The problem —
Leave the images out and write out each entry exactly as shown.

Source records:
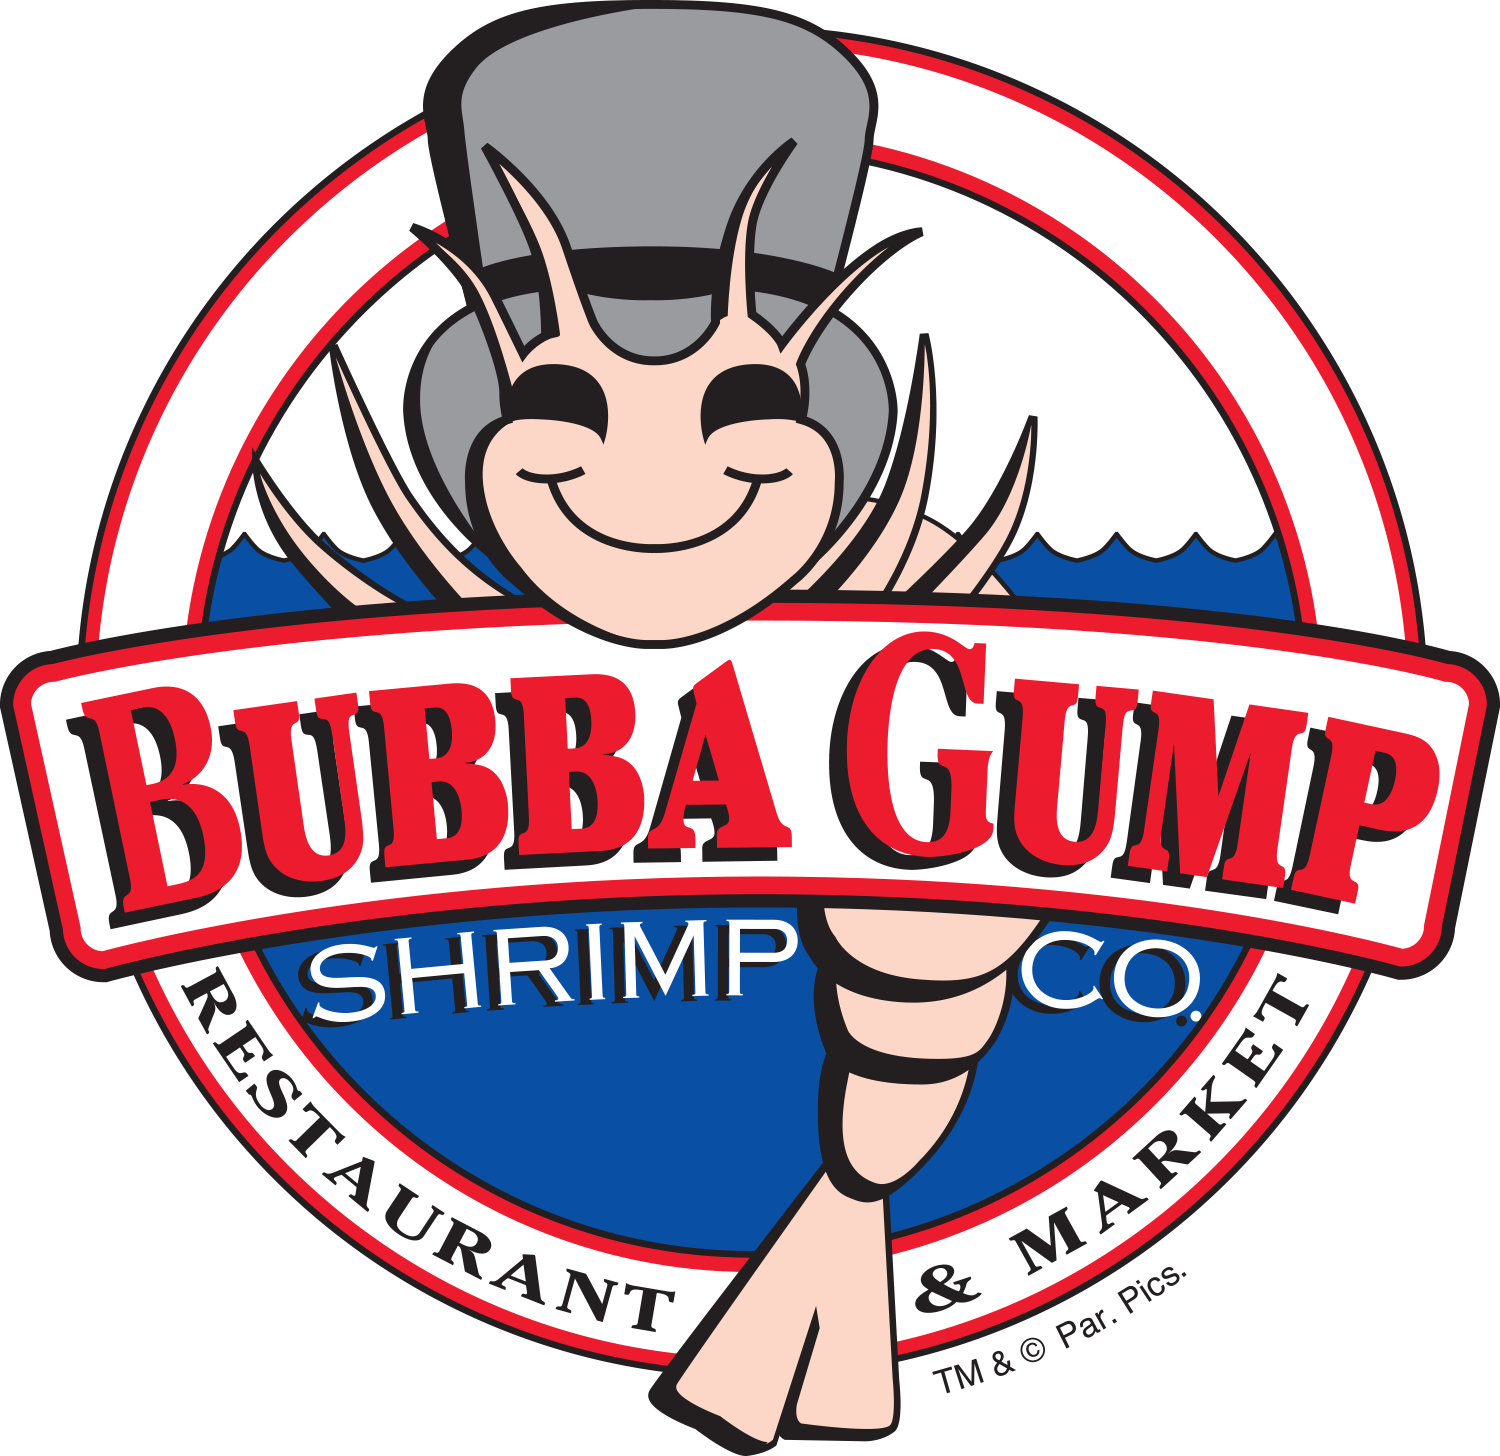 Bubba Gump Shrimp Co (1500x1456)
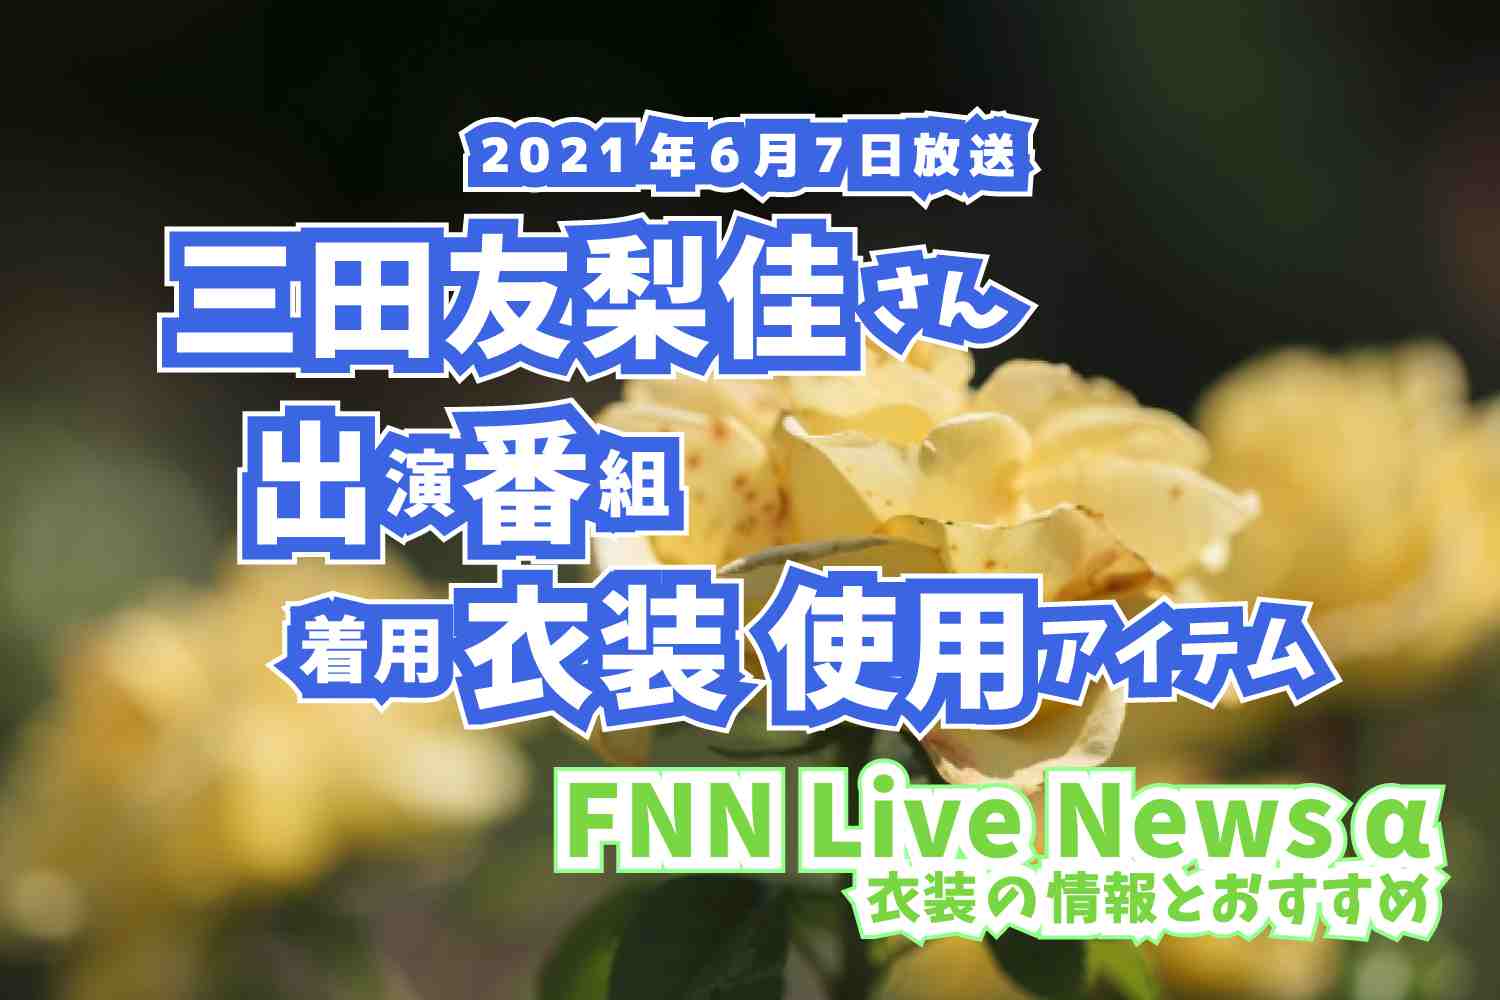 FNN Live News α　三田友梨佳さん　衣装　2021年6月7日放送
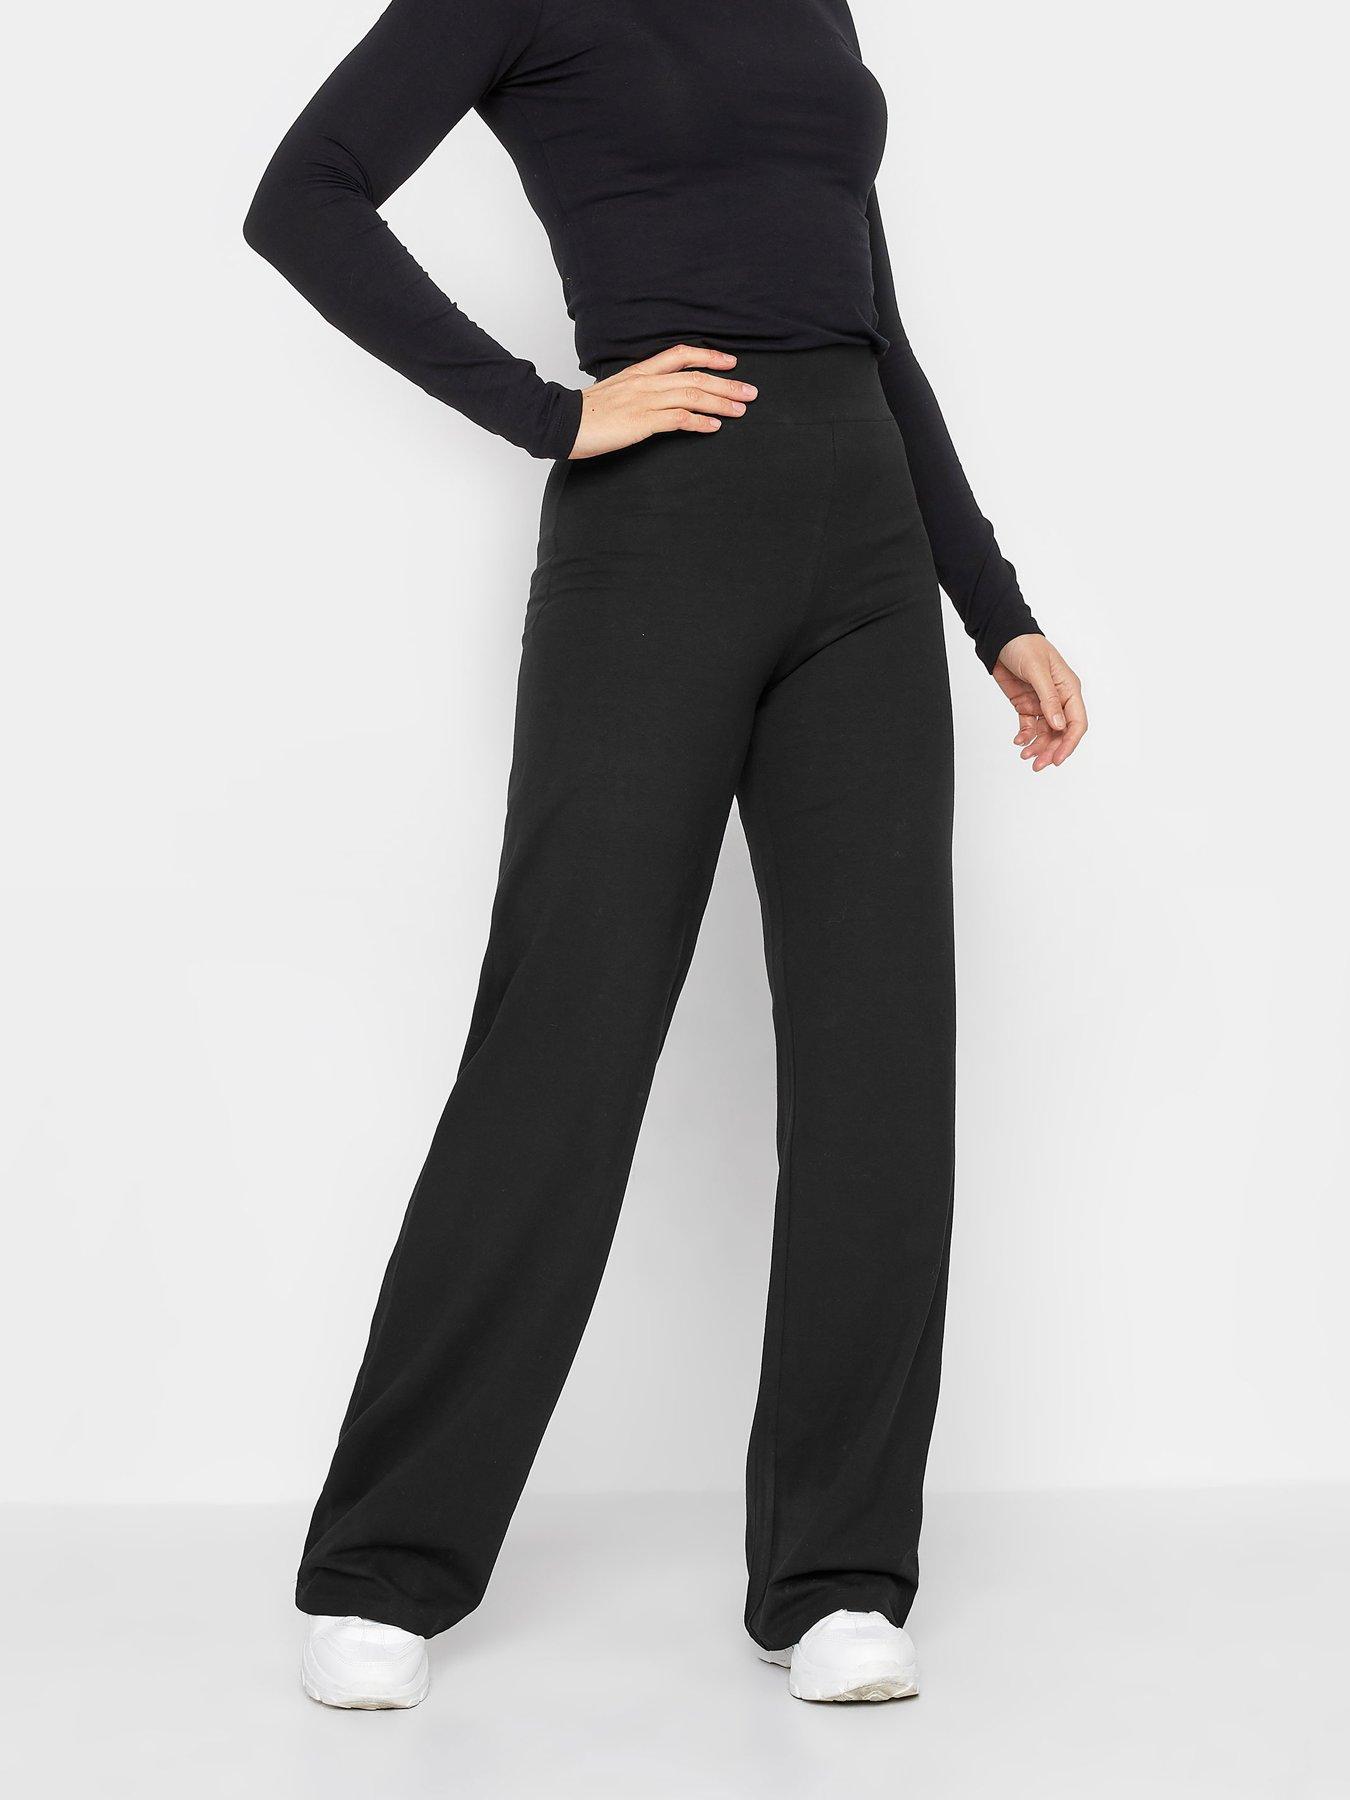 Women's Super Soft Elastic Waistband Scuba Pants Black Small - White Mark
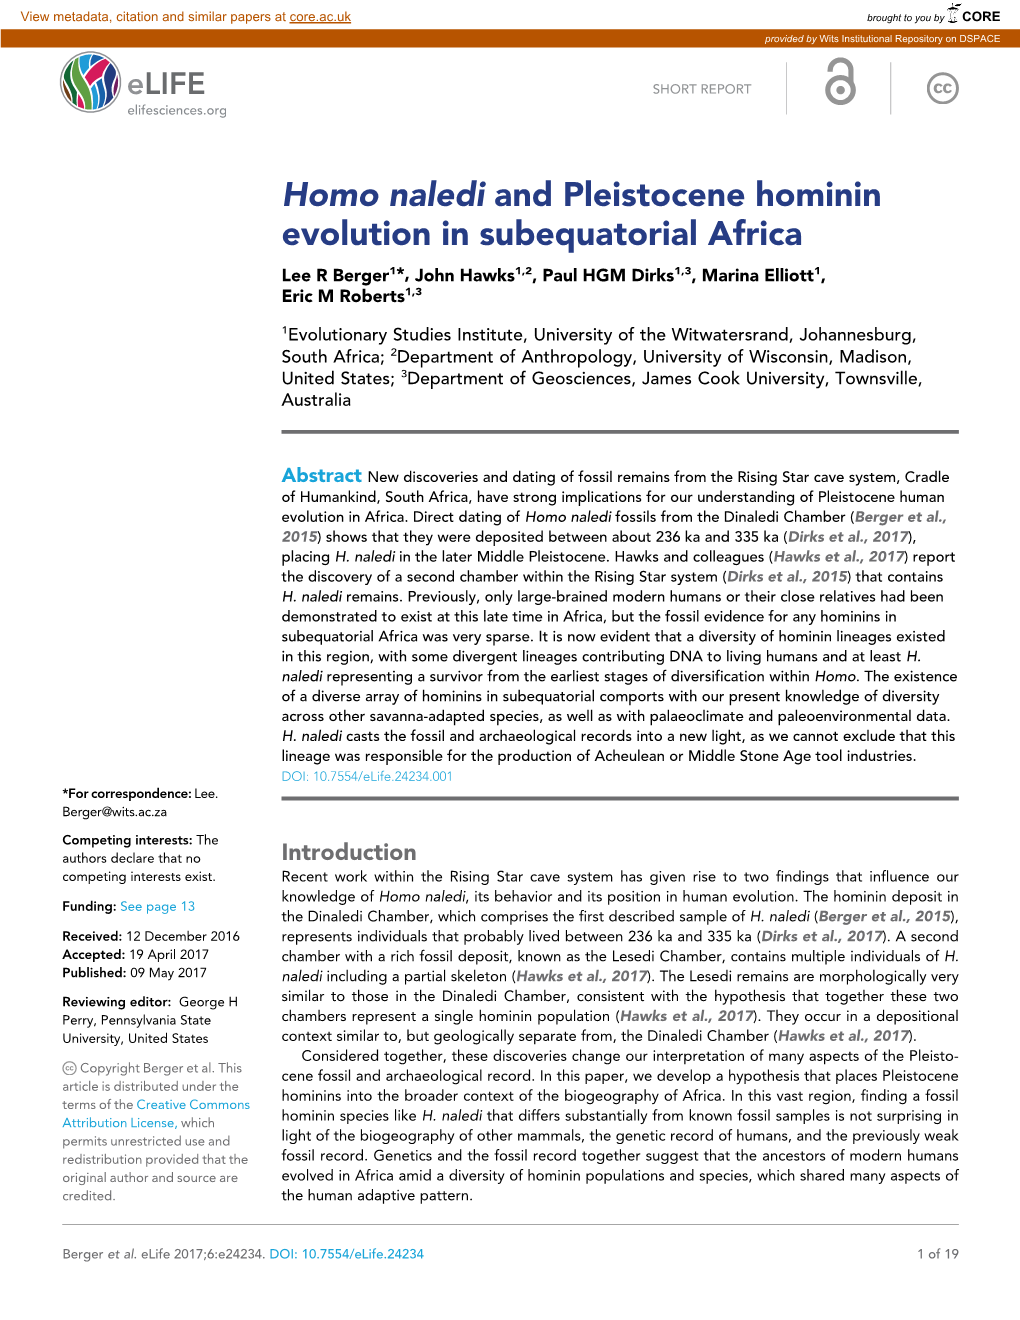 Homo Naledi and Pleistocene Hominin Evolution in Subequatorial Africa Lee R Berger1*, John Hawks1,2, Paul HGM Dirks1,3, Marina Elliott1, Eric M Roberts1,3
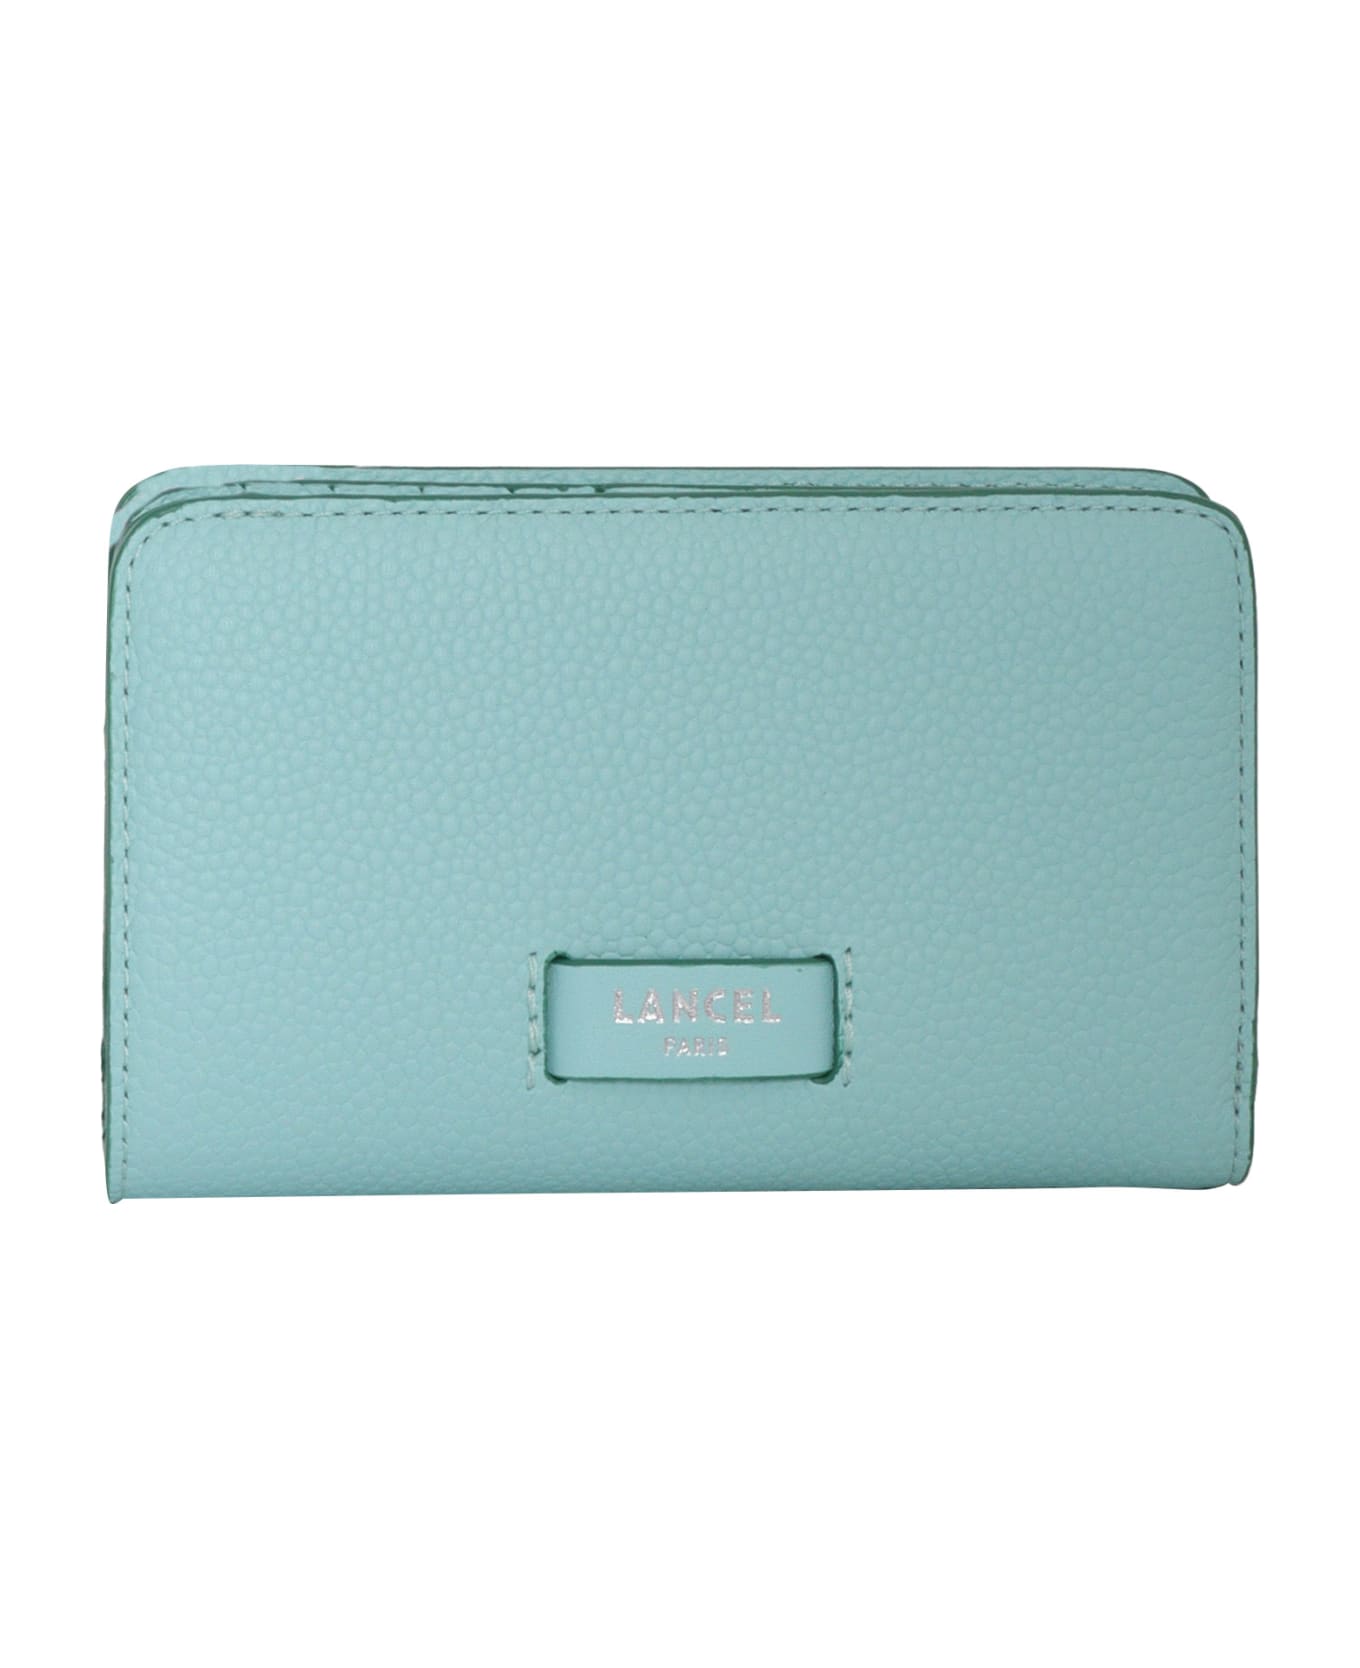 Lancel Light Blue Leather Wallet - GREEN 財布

Finished exercise —
 Bubba Gump Shrimp Co (1500x1456)
 FNN Live News α　三田友梨佳さん　衣装　2021年6月7日放送
 Women's Super Soft Elastic Waistband Scuba Pants Black Small - White Mark
 Homo Naledi and Pleistocene Hominin Evolution in Subequatorial Africa Lee R Berger1*, John Hawks1,2, Paul HGM Dirks1,3, Marina Elliott1, Eric M Roberts1,3
 Lancel Light Blue Leather Wallet - GREEN 財布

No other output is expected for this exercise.